#### [TASK DETAILS]
An exact transcription of the listing, without its images, is what the answer must contain.

#### [DATA PROVIDED]
┄┄┄┄┄┄┄┄┄┄┄┄┄┄┄┄┄┄┄┄

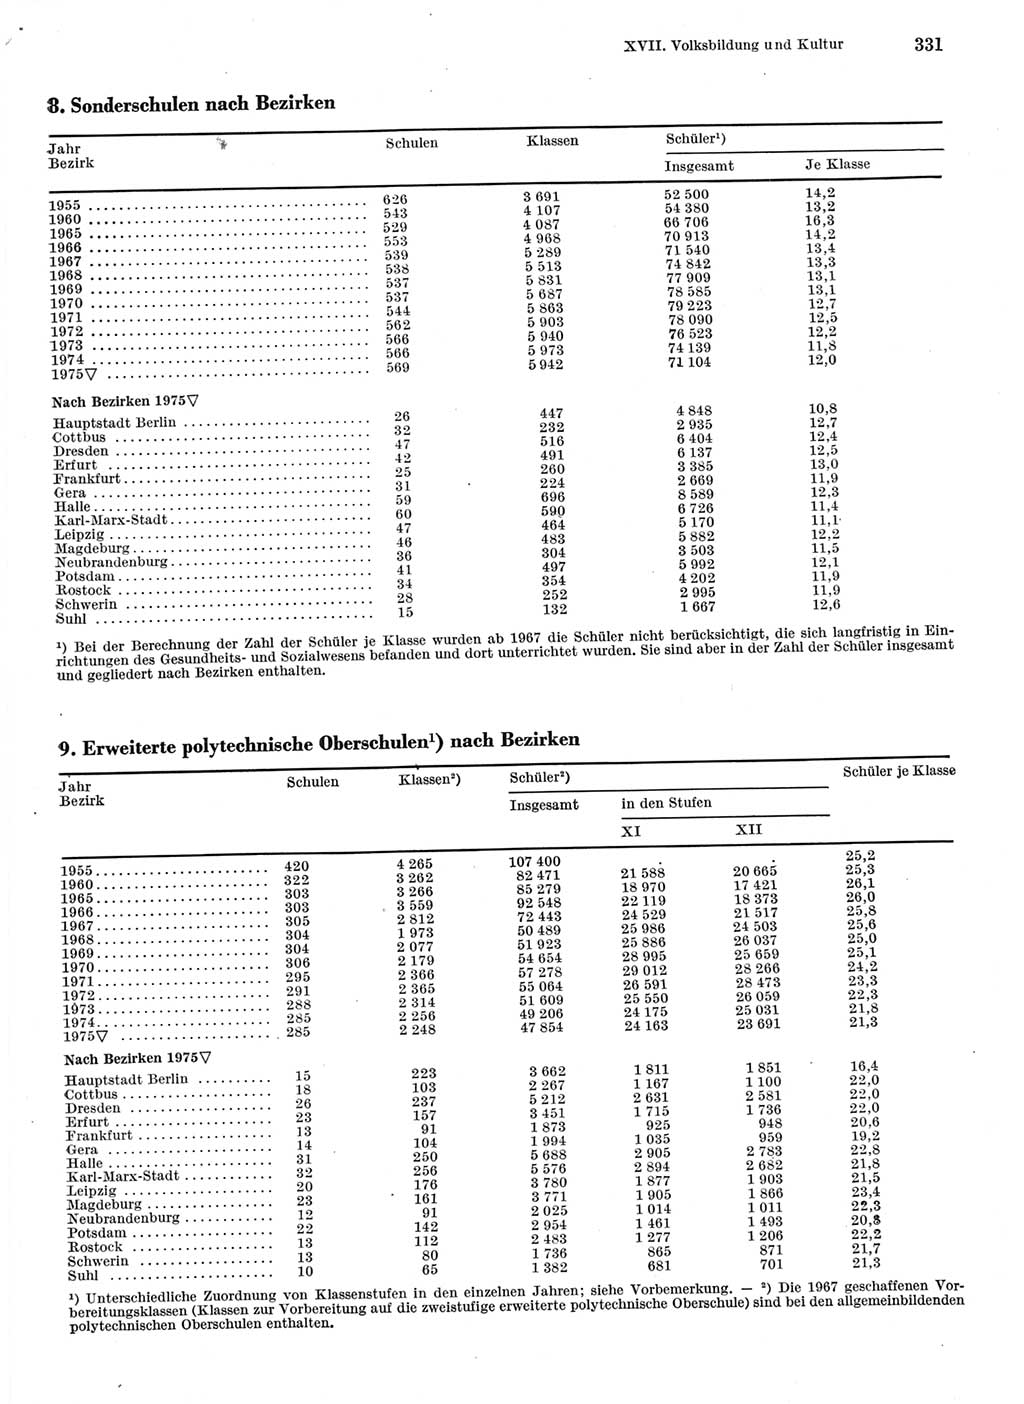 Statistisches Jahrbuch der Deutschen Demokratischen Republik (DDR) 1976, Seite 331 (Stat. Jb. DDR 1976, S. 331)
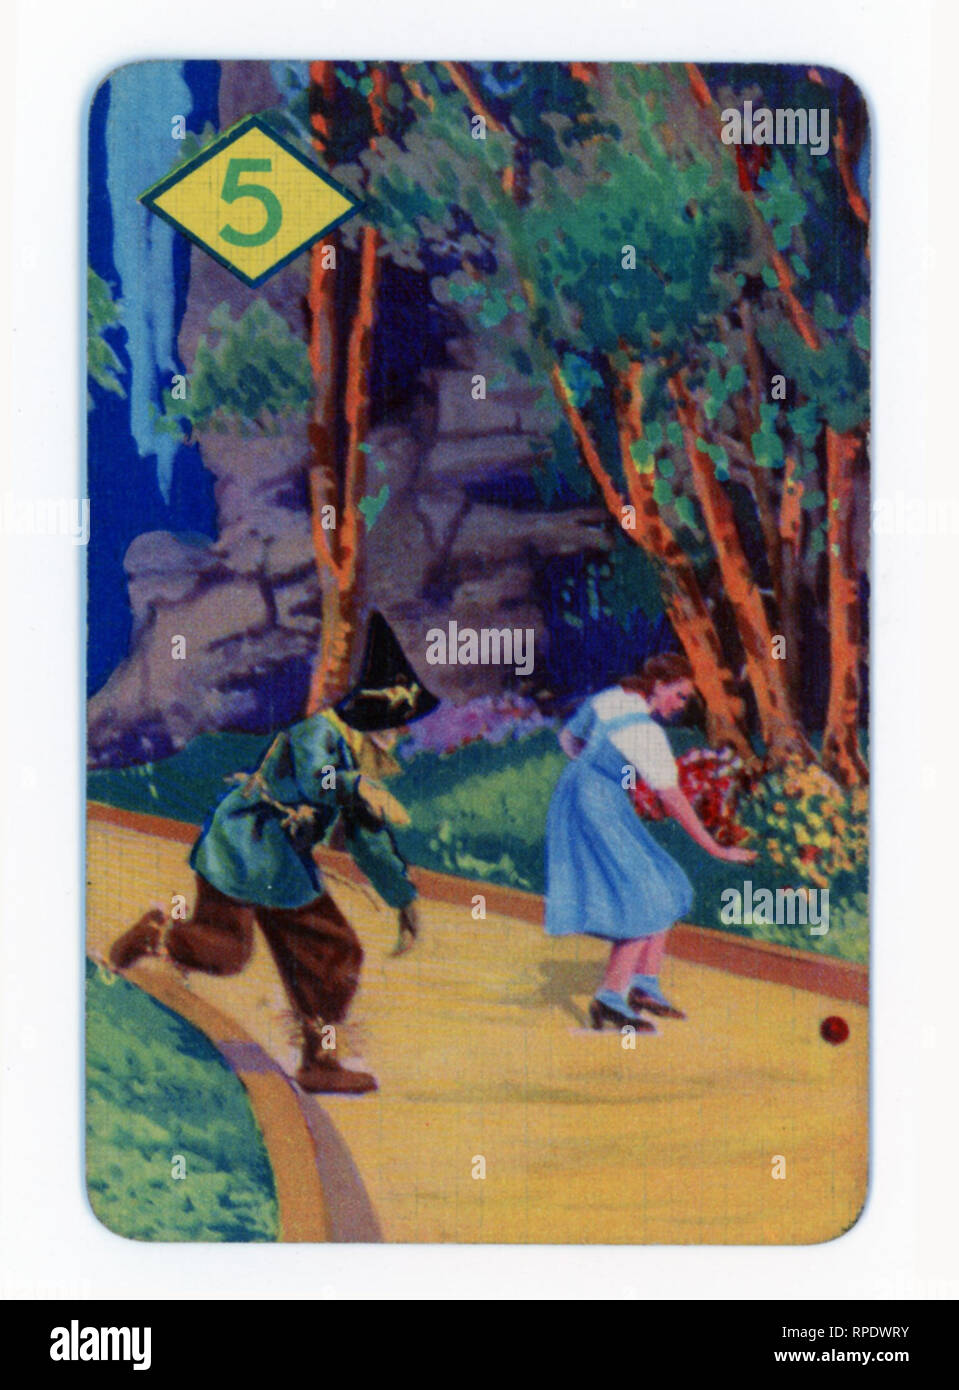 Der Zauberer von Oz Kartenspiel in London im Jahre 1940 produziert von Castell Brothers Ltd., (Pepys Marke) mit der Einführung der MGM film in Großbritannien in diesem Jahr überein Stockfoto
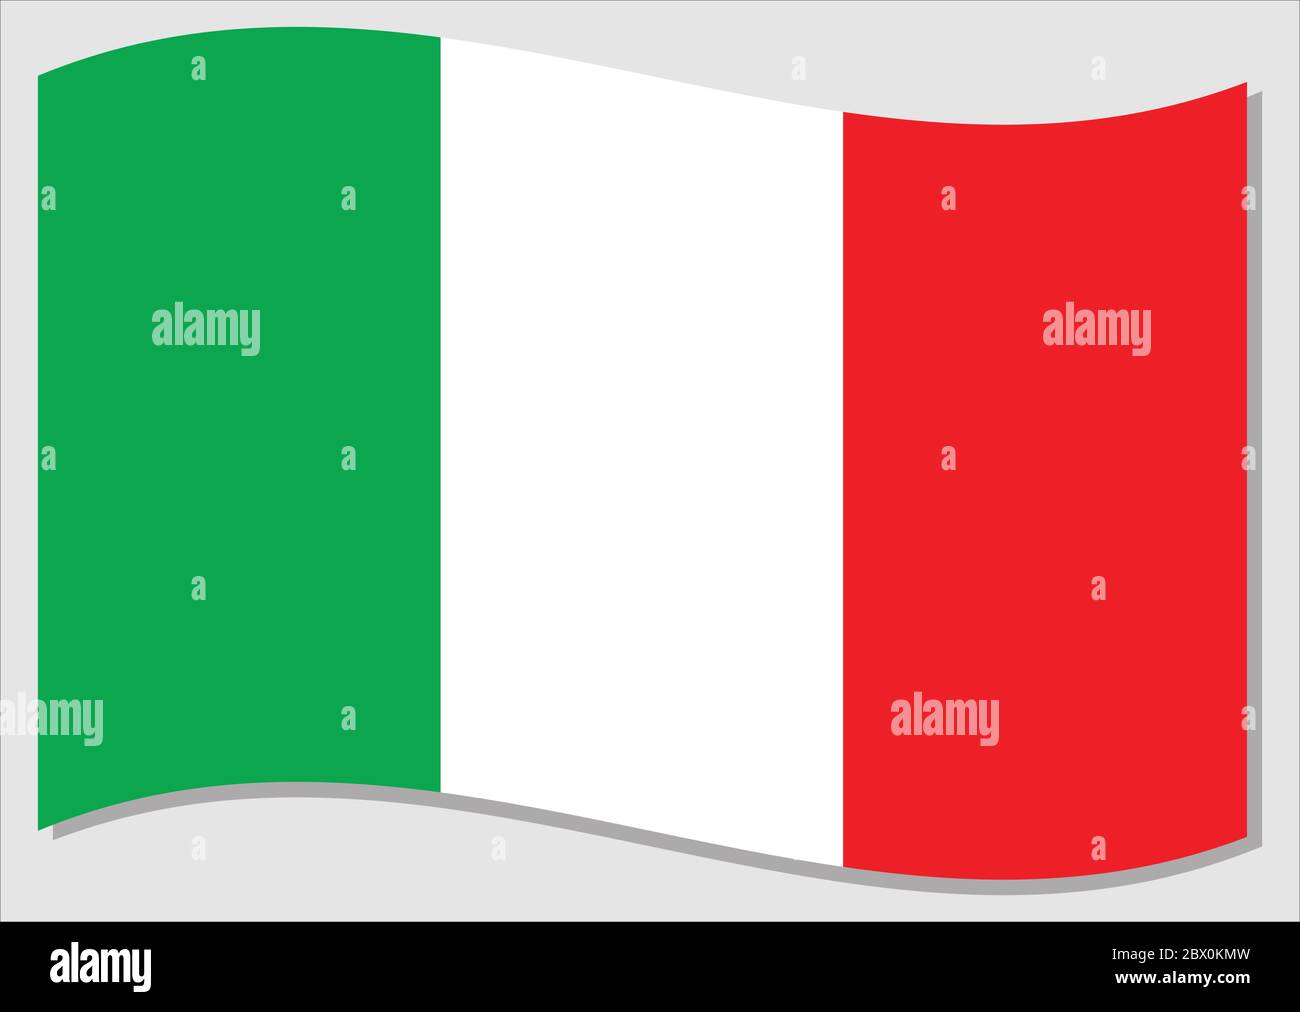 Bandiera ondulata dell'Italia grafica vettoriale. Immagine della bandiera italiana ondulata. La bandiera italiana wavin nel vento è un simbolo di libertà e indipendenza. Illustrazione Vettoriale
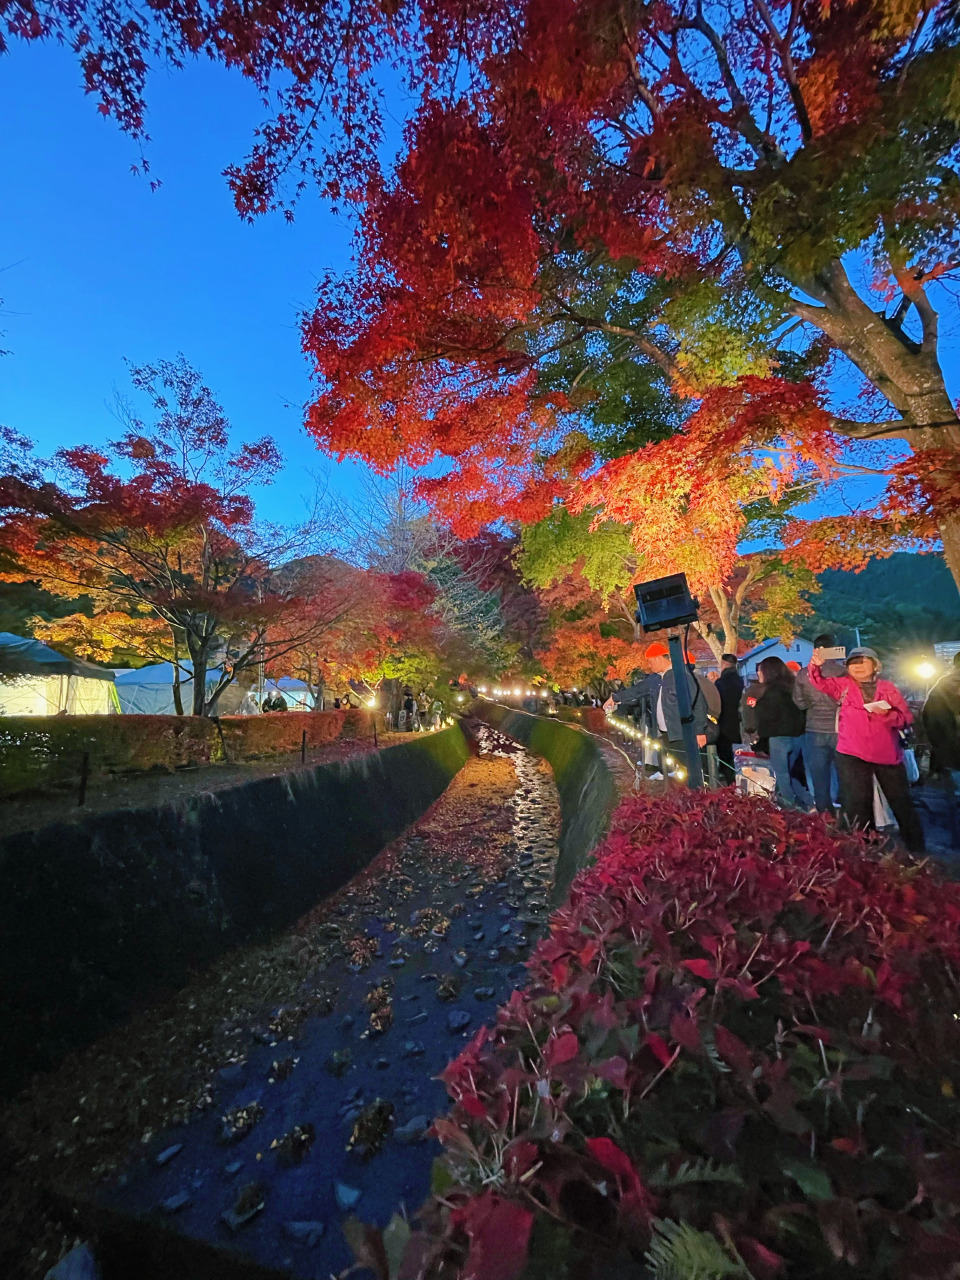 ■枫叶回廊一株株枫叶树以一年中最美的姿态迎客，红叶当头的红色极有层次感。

┄┄┄┄┄┄┄┄┄┄┄┄┄┄┄┄┄┄┄┄

#### [SOLUTION]
 Statistisches Jahrbuch der Deutschen Demokratischen Republik (DDR) 1976, Seite 331 (Stat. Jb. DDR 1976, S. 331)
 Der Zauberer von Oz Kartenspiel in London im Jahre 1940 produziert von Castell Brothers Ltd., (Pepys Marke) mit der Einführung der MGM film in Großbritannien in diesem Jahr überein Stockfoto
 Bandiera ondulata dell'Italia grafica vettoriale. Immagine della bandiera italiana ondulata. La bandiera italiana wavin nel vento è un simbolo di libertà e indipendenza. Illustrazione Vettoriale
 ■枫叶回廊一株株枫叶树以一年中最美的姿态迎客，红叶当头的红色极有层次感。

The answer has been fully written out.